The Campaign Spot

America’s Richest 2 Percent: Union Presidents

Elsewhere on NRO, Kevin Williamson notes “the AFL-CIO maintains a website dedicated to executive compensation” and concludes, “The entire rhetoric of inequality is simply an excuse to rage about incomes at the top, a generation’s worth of progressive shenanigans having failed to do much about those at the bottom.”

There’s a reason union leaders stir fury about the richest 1 percent, and not, say, a bit lower.
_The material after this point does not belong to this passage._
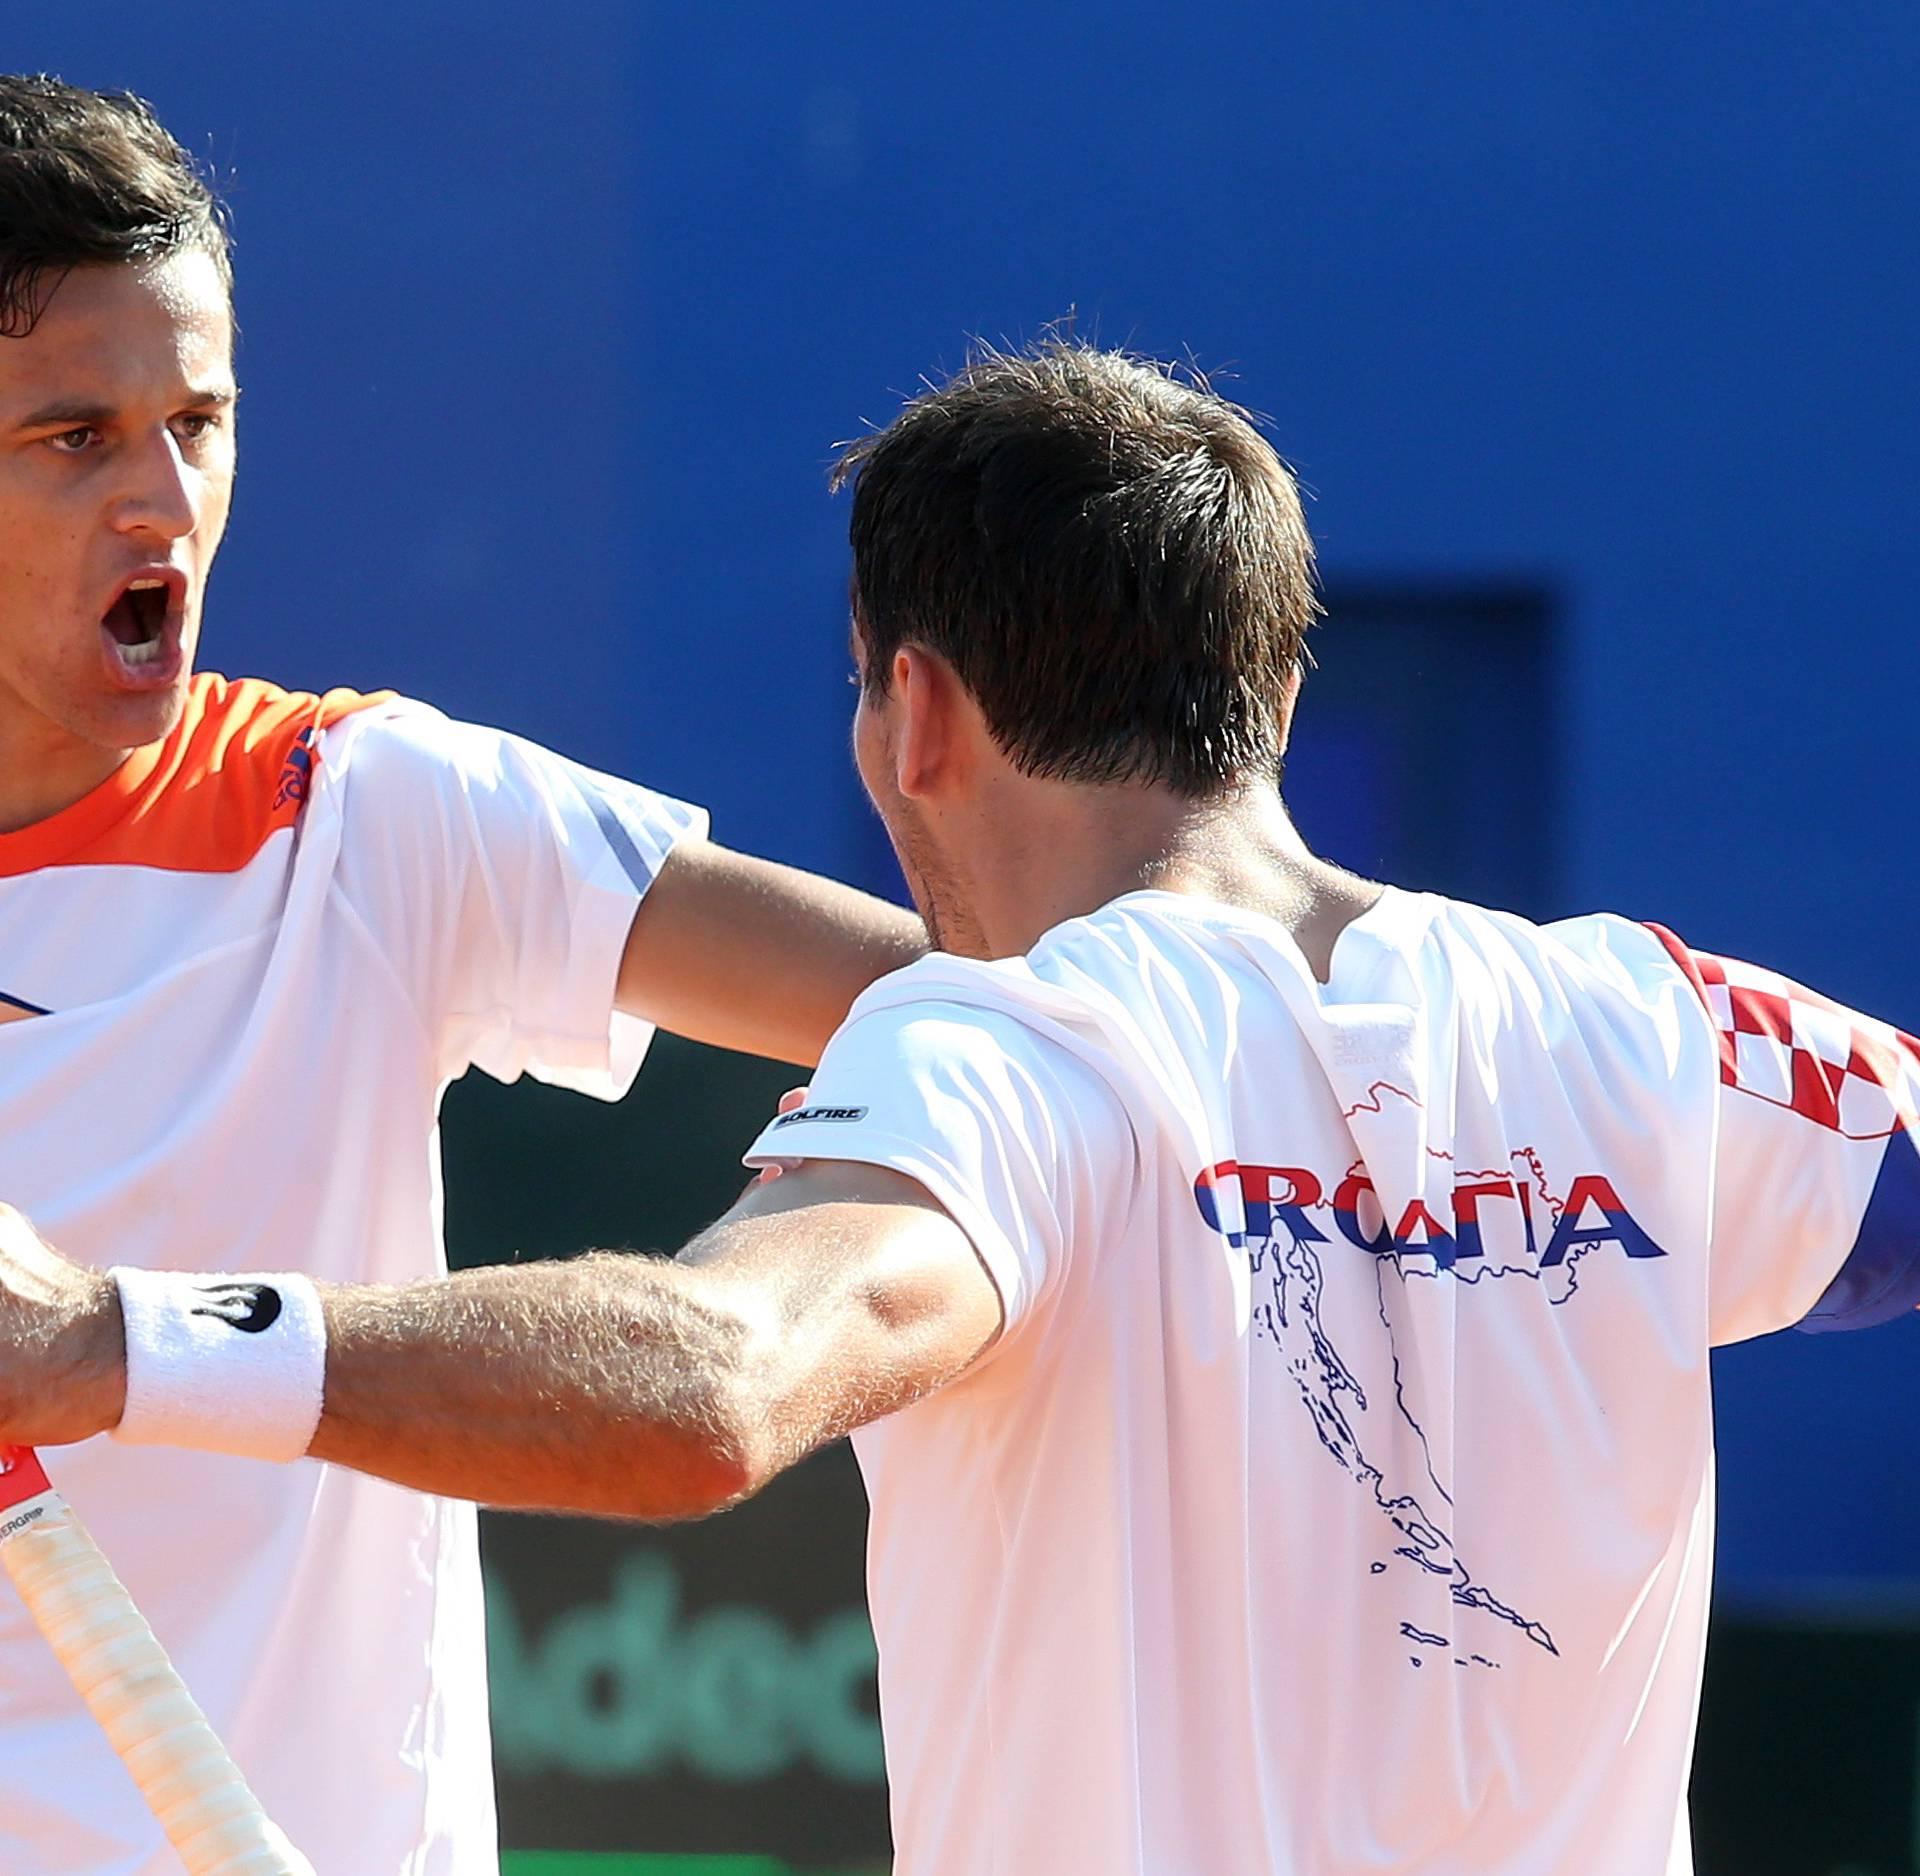 Pavić i Marach u finalu Dohe igraju protiv Murraya  i Soaresa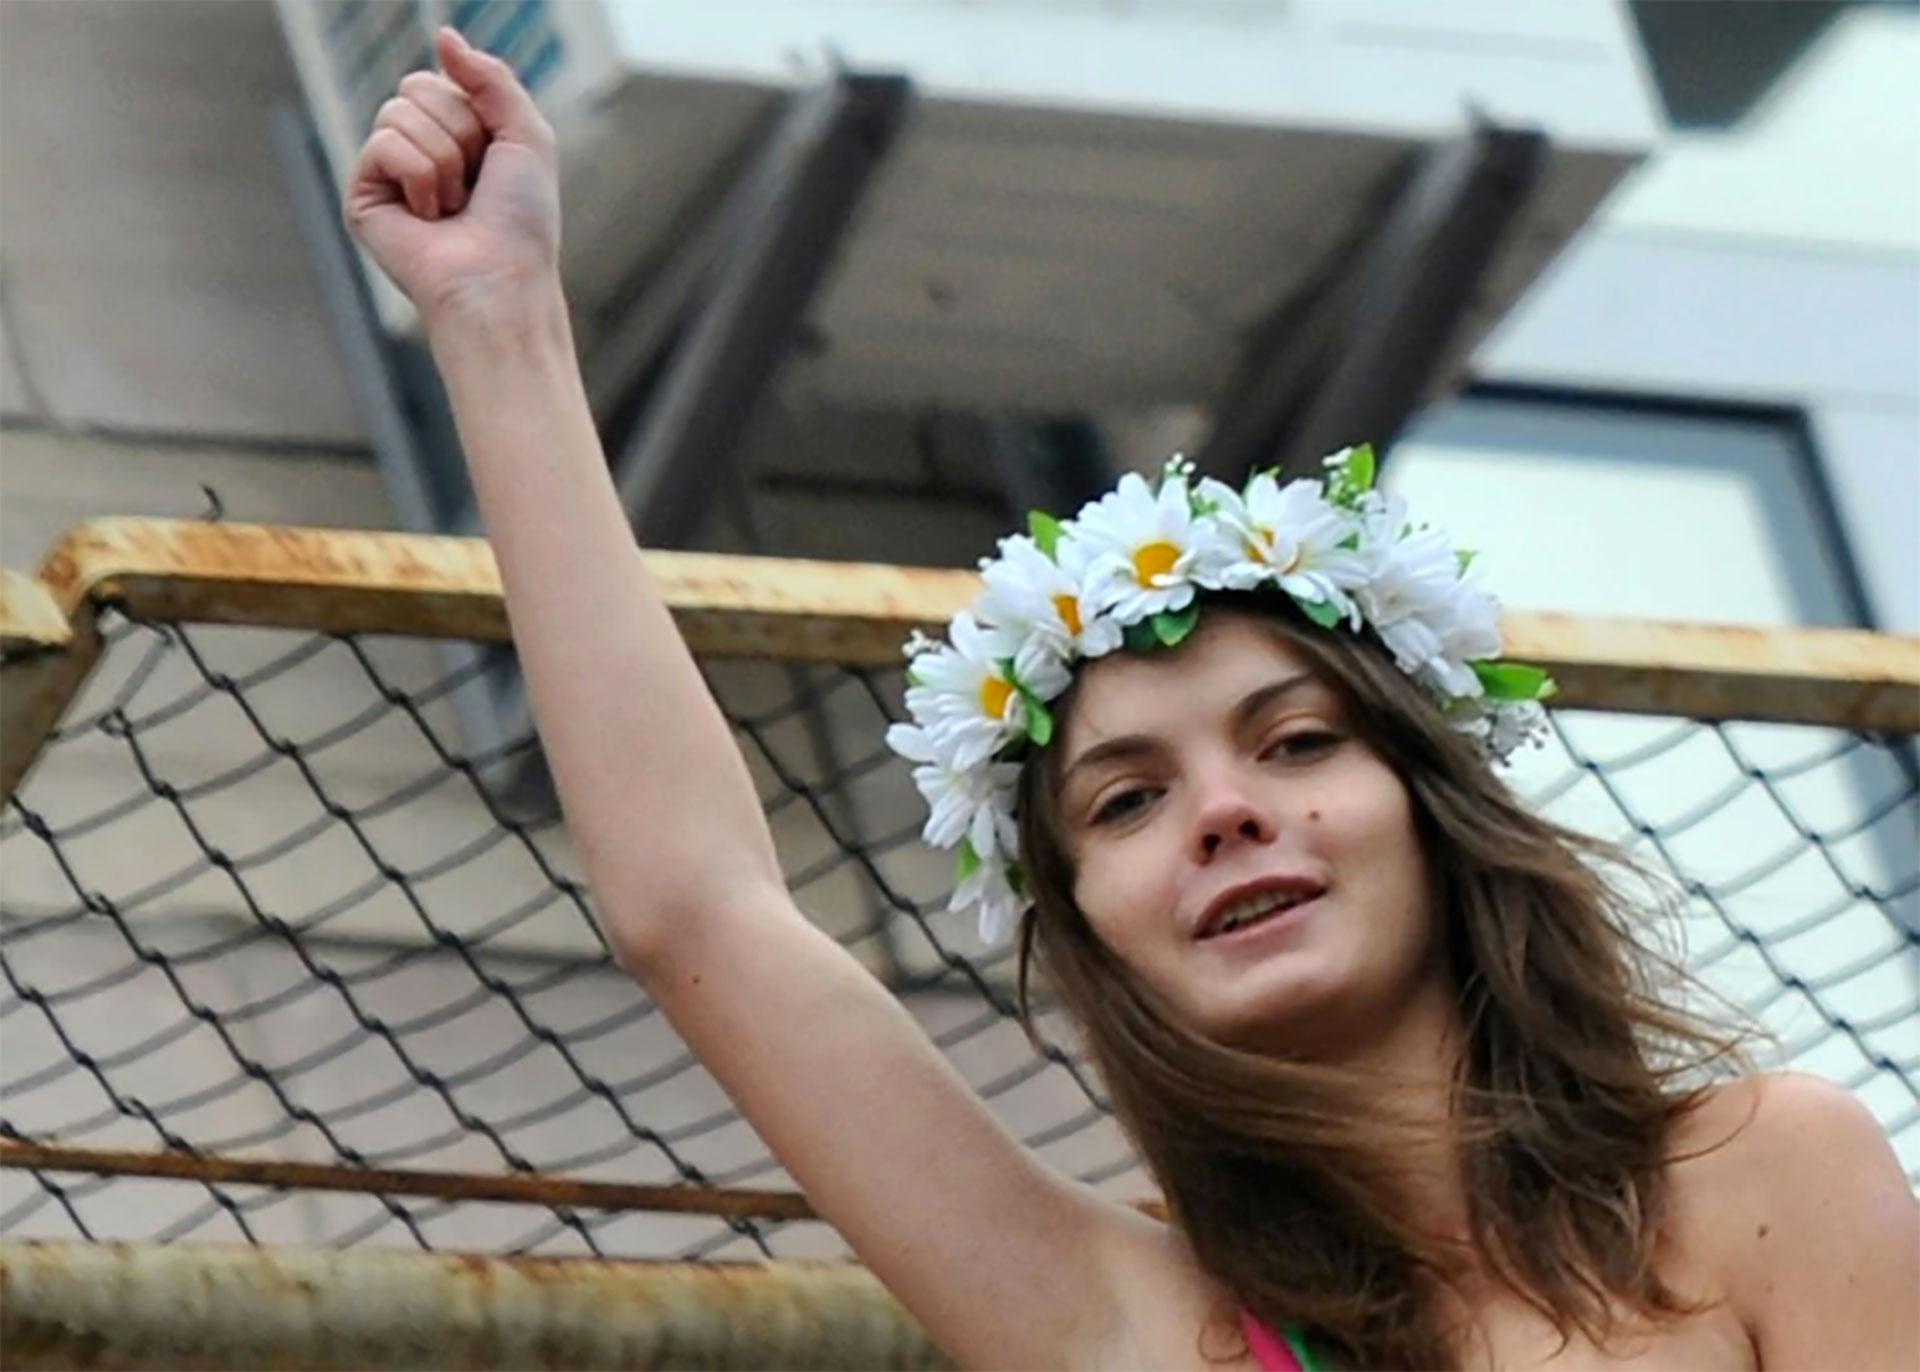 Una de las fundadoras del grupo feminista Femen, fue hallada muerta en su apartamento en París. Exiliada en Francia desde 2013, la joven ucraniana de 31 años había abandonado el grupo y se dedicaba a pintar. (Foto: Instagram)

Almost all of the presidents of the country’s biggest unions earn salaries that put them in the richest 2 percent of Americans, and most of their executive staff is in the richest 3 percent or so.

According to public-disclosure forms collected and posted by the Center for Union Facts, the top salaries at the AFL-CIO in 2012 were president Richard Trumka’s $277,486, executive vice president Arlene Holt-Baker’s $243,571, and secretary-treasurer Elizabeth Shuler’s $243,571. (This is base salary; the top staff gets benefits and other compensations that amount to five-figure sums.)

This puts the top staff of that union in the richest 2 percent in terms of annual income, which is about $200,000.

This Wisconsin AFL-CIO photo shows AFL-CIO president Richard Trumka, left; a Green Bay Packers mascot; and, on the right, Wisconsin AFL-CIO president Phil Neuenfeldt, who made $108,526 in 2010, according to the union’s 990 form.

Still, the AFL-CIO leaders are underpaid compared to top staff at some other unions.

One union president can say — either with pride or with shame — that he is, indeed, one of America’s richest one-half of 1 percent. The American Federation of State, County and Municipal Employees’ international president, Gerald McEntee, had a gross salary of $1,020,751 in 2012.

American Federation of Teachers president Randi Weingarten is listed as having a base salary of $396,304 — with more than $160,000 in “benefits and other compensation.” This puts her in the richest 1 percent, as the threshold for that distinction is a salary of $394,000. Fifteen staffers at the organization collect more than $200,000, once you combine salary and other benefits.

James Callahan, president of the International Union of Operating Engineers, reported a gross salary of $352,101 in 2012.

Edwin Hill, international president of the International Brotherhood of Electrical Workers, made $326,253 in gross salary in 2012.

Over at the National Education Association, 32 staffers make more than $200,000 per year, topped by director Andrew Linebaugh’s $304,085.

Joseph Hansen, international president of the United Food and Commercial Workers, made $297,941 in gross salary in 2012.

Robert Buffenbarger, international president of the Machinists, had a gross salary of $253,914 in 2012.

Lawrence Cohen, president of the Communications Workers of America, can lament that his 2012 gross salary of $193,793 leaves him in only the richest 3 percent of Americans.

The average union member makes $950 per week, which comes out to $49,400, before taxes and before union dues are taken out — and there’s a big range in union dues per member per year.

This morning, the Los Cerritos News reports:

. . . a lawsuit filed in the California Central US District Court claiming that former US Labor Secretary Hilda Solis, a current candidate for the Los Angeles County Board of Supervisors, was provided thousands of dollars worth of free private jet travel without declaring the trips on the federal government required forms, paid for by the powerful International Union of Operating Engineers based in Pasadena during the same period she was undergoing confirmation hearings to become part of President Barack Obama’s Cabinet . . . 

[Long time IUOE leader William Waggoner] provided the XL jet to fly Solis between commuter airports in El Monte and Ontario on several occasions so “she could avoid freeway traffic.”

(Waggoner made $75,000 in gross salary in 2012.)

Shocking as the allegation about Solis is, more folks may be surprised that the International Union of Operating Engineers has a Cessna Citation XL Jet. That plane costs about $12 million new, about $4 million to $5 million used.